- Author: Han Xinzi @ShowMeAI
- Tutorial address : https://www.showmeai.tech/tutorials/35
- Address of this article : https://www.showmeai.tech/article-detail/218
- Disclaimer: All rights reserved, please contact the platform and the author for reprinting and indicate the source
- Bookmark ShowMeAI for more exciting content
This series is based on the learning and summary of Mr. Wu Enda's "Deep Learning Specialization". The corresponding course videos can be viewed here .
introduction
In ShowMeAI's previous article, Neural Network Optimization Algorithms , we introduced the following:
- batch/mini-batch/ Stochastic gradient descent
- Exponentially weighted averages and bias correction
- Momentum Gradient Descent, RMSprop and Adam Algorithms
- learning rate decay
- The concept and conclusion of local optimum
In this article, we will focus on the three parts of hyperparameter debugging, BN (Batch Normalization) and deep learning programming framework.

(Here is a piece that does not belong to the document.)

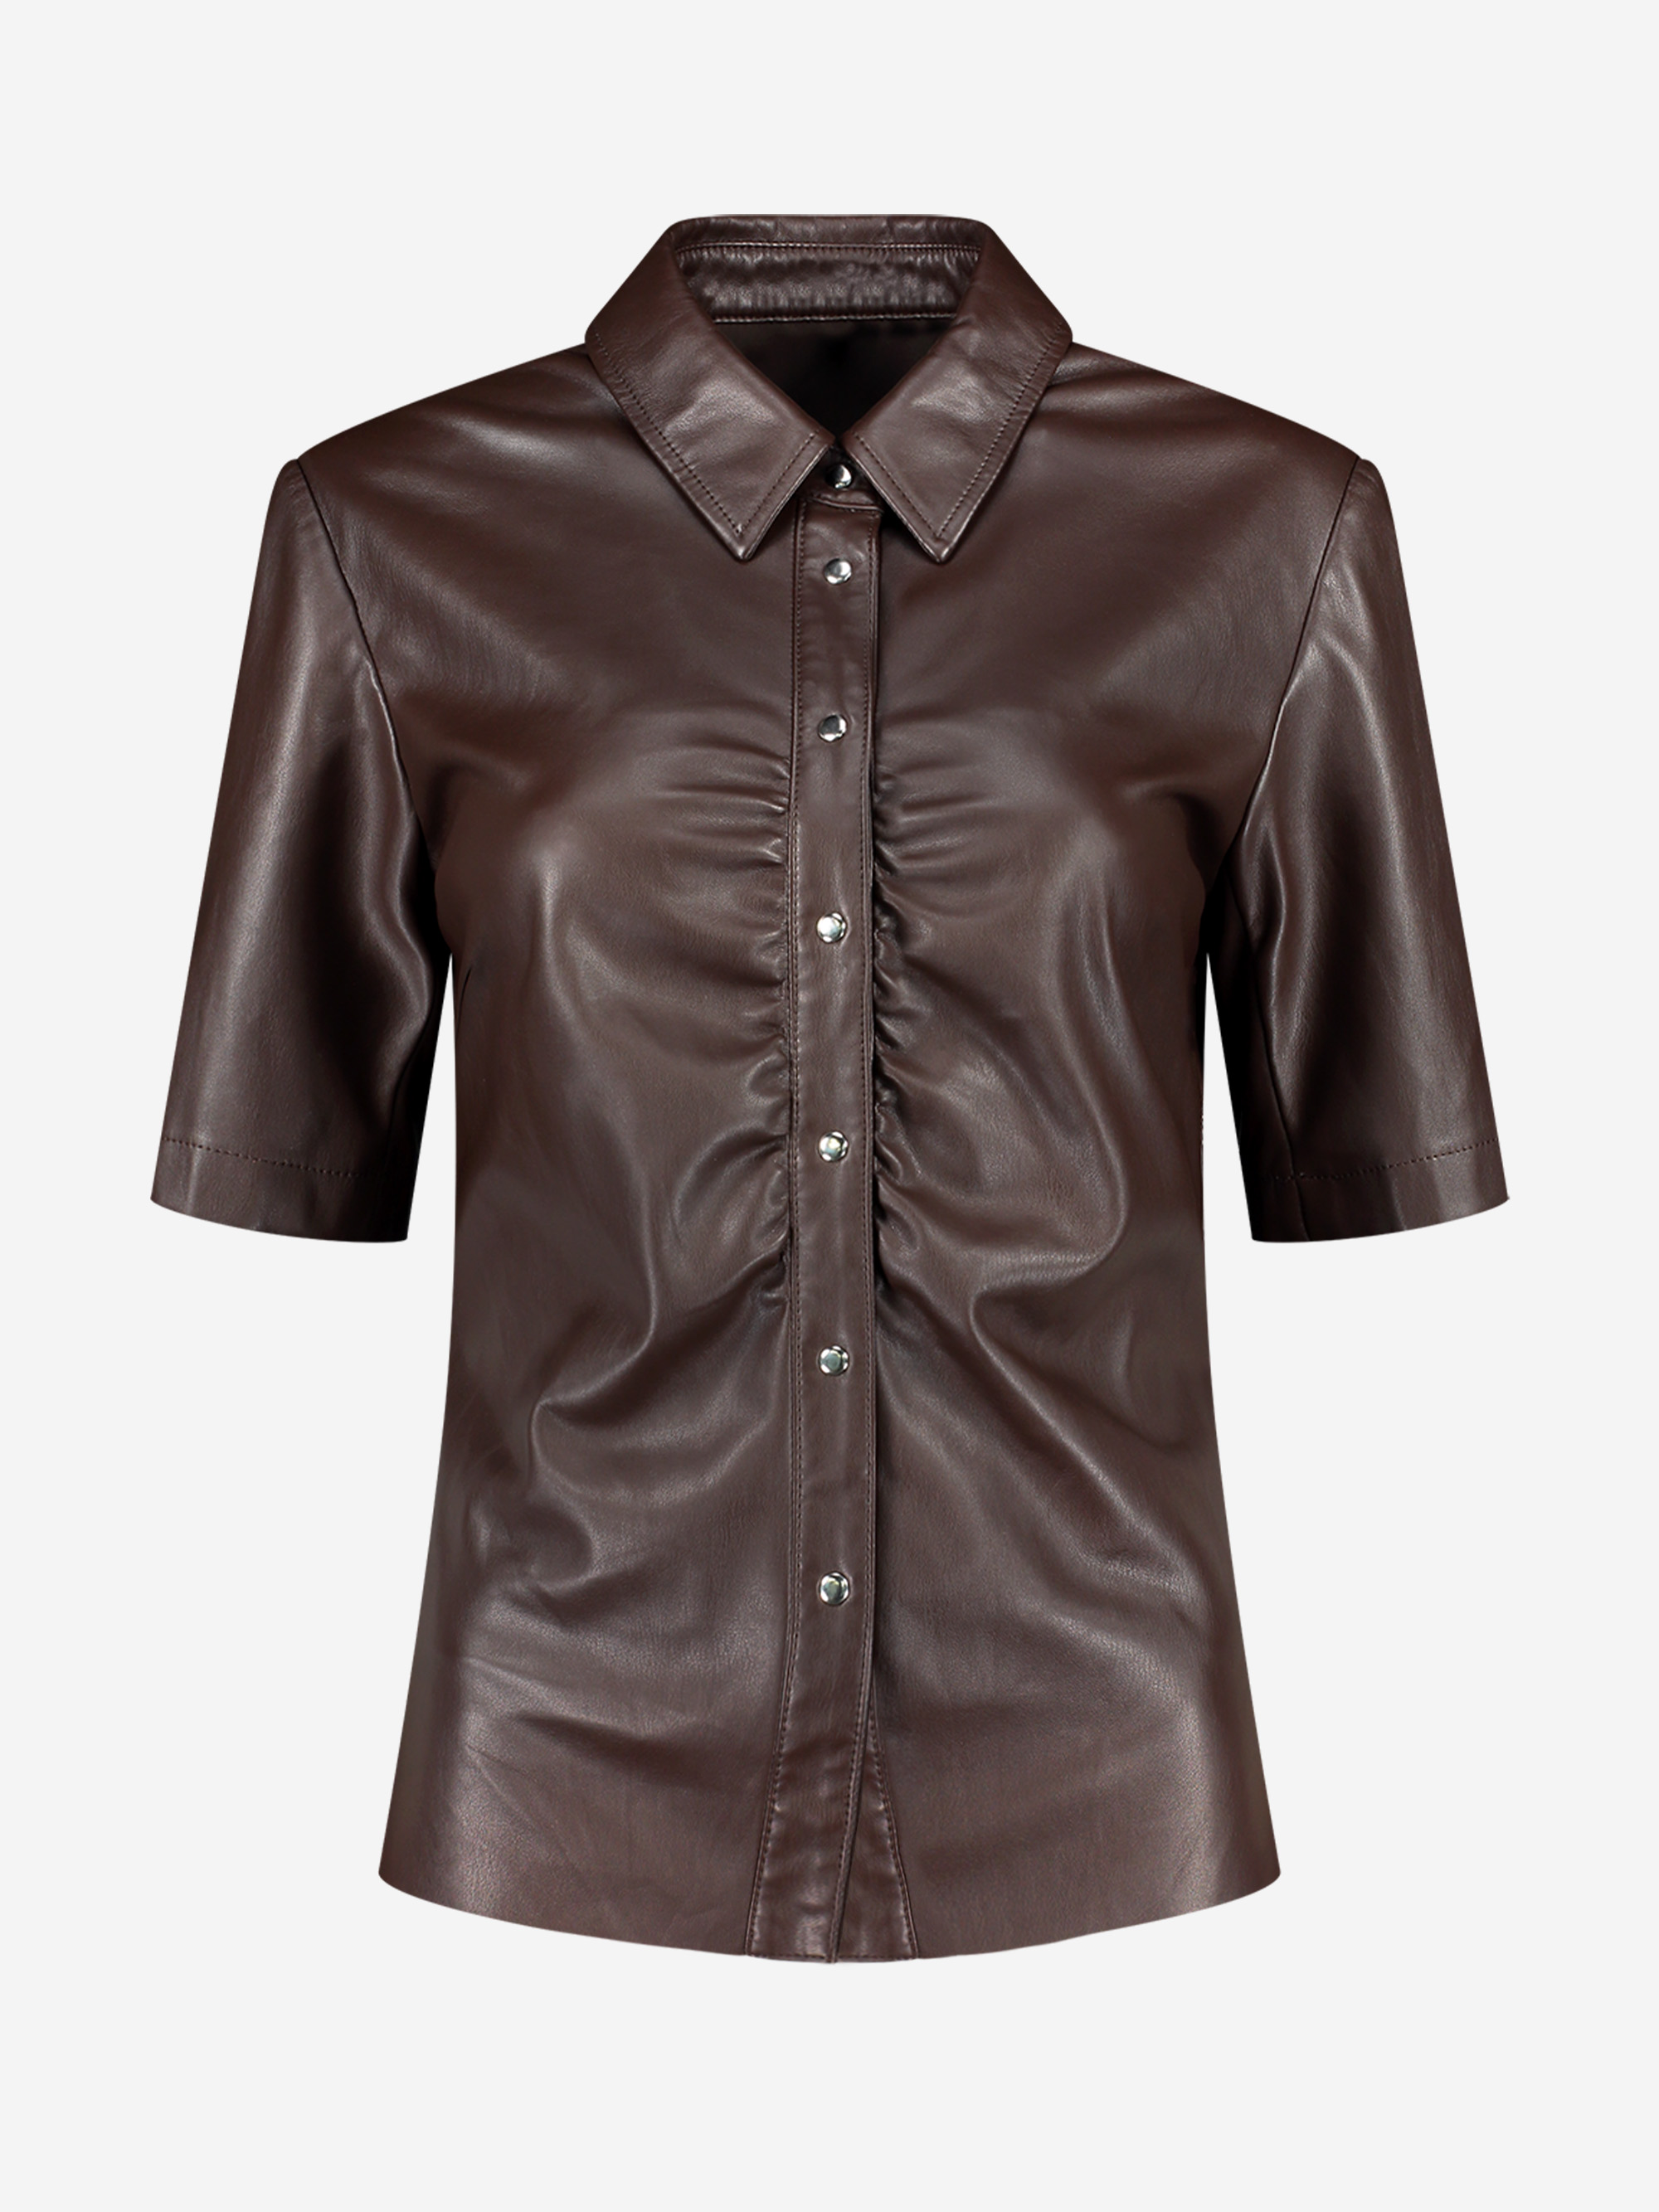 Vegan leather blouse

1. Hyperparameter debugging
There are many hyperparameters ( Hyperparameters ) that need to be debugged for deep neural networks. Let's take a look at how to debug them.
1.1 Ranking of importance
Among the hyperparameters mentioned by Mr. Wu Enda, the order of importance is (for reference only):
Most important :
- Learning rate\( \alpha\)
Next important :
- \( \beta\) : Momentum decay parameter, usually set to 0.9
- \( n^{[l]}\) : The number of neurons in each hidden layer (#hidden units)
- Size of Mini-Batch
Important again :
- \( \beta_1\) , \( \beta_2\) , \( \varepsilon\) : Hyperparameters of Adam's optimization algorithm, usually set to 0.9, 0.999, \( 10^{-8}\)
- \( L\) : the number of neural network layers (#layers)
- decay_rate: learning decay rate
1.2 Parameter tuning skills
Let's take a look at the hyperparameter selection and debugging methods of neural networks. In traditional machine learning, we select any number of points equidistantly for each parameter, and then use the parameter combinations corresponding to different points for training, and finally select the best one according to the performance on the validation set. parameter.
For example, there are two parameters to be debugged, Hyperparameter 1 and Hyperparameter 2. On each parameter, select \( 5\) points at even intervals, thus forming \( 5 \times 5=25\) parameter combinations, as shown in the figure shown. This approach works better when there are fewer parameters.
However, in the deep neural network model, we generally do not use this method of evenly spaced points, and a better way is to use random selection. That is to say, for the above example, we randomly select 25 points as hyperparameters to be debugged, as shown in the following figure:
The purpose of randomizing the selection of parameters is to obtain as many parameter combinations as possible. Still in the above example, with uniform sampling, there are only 5 cases for each parameter; with random sampling, there are 25 possible cases for each parameter, so it is more likely to get the best parameter combination.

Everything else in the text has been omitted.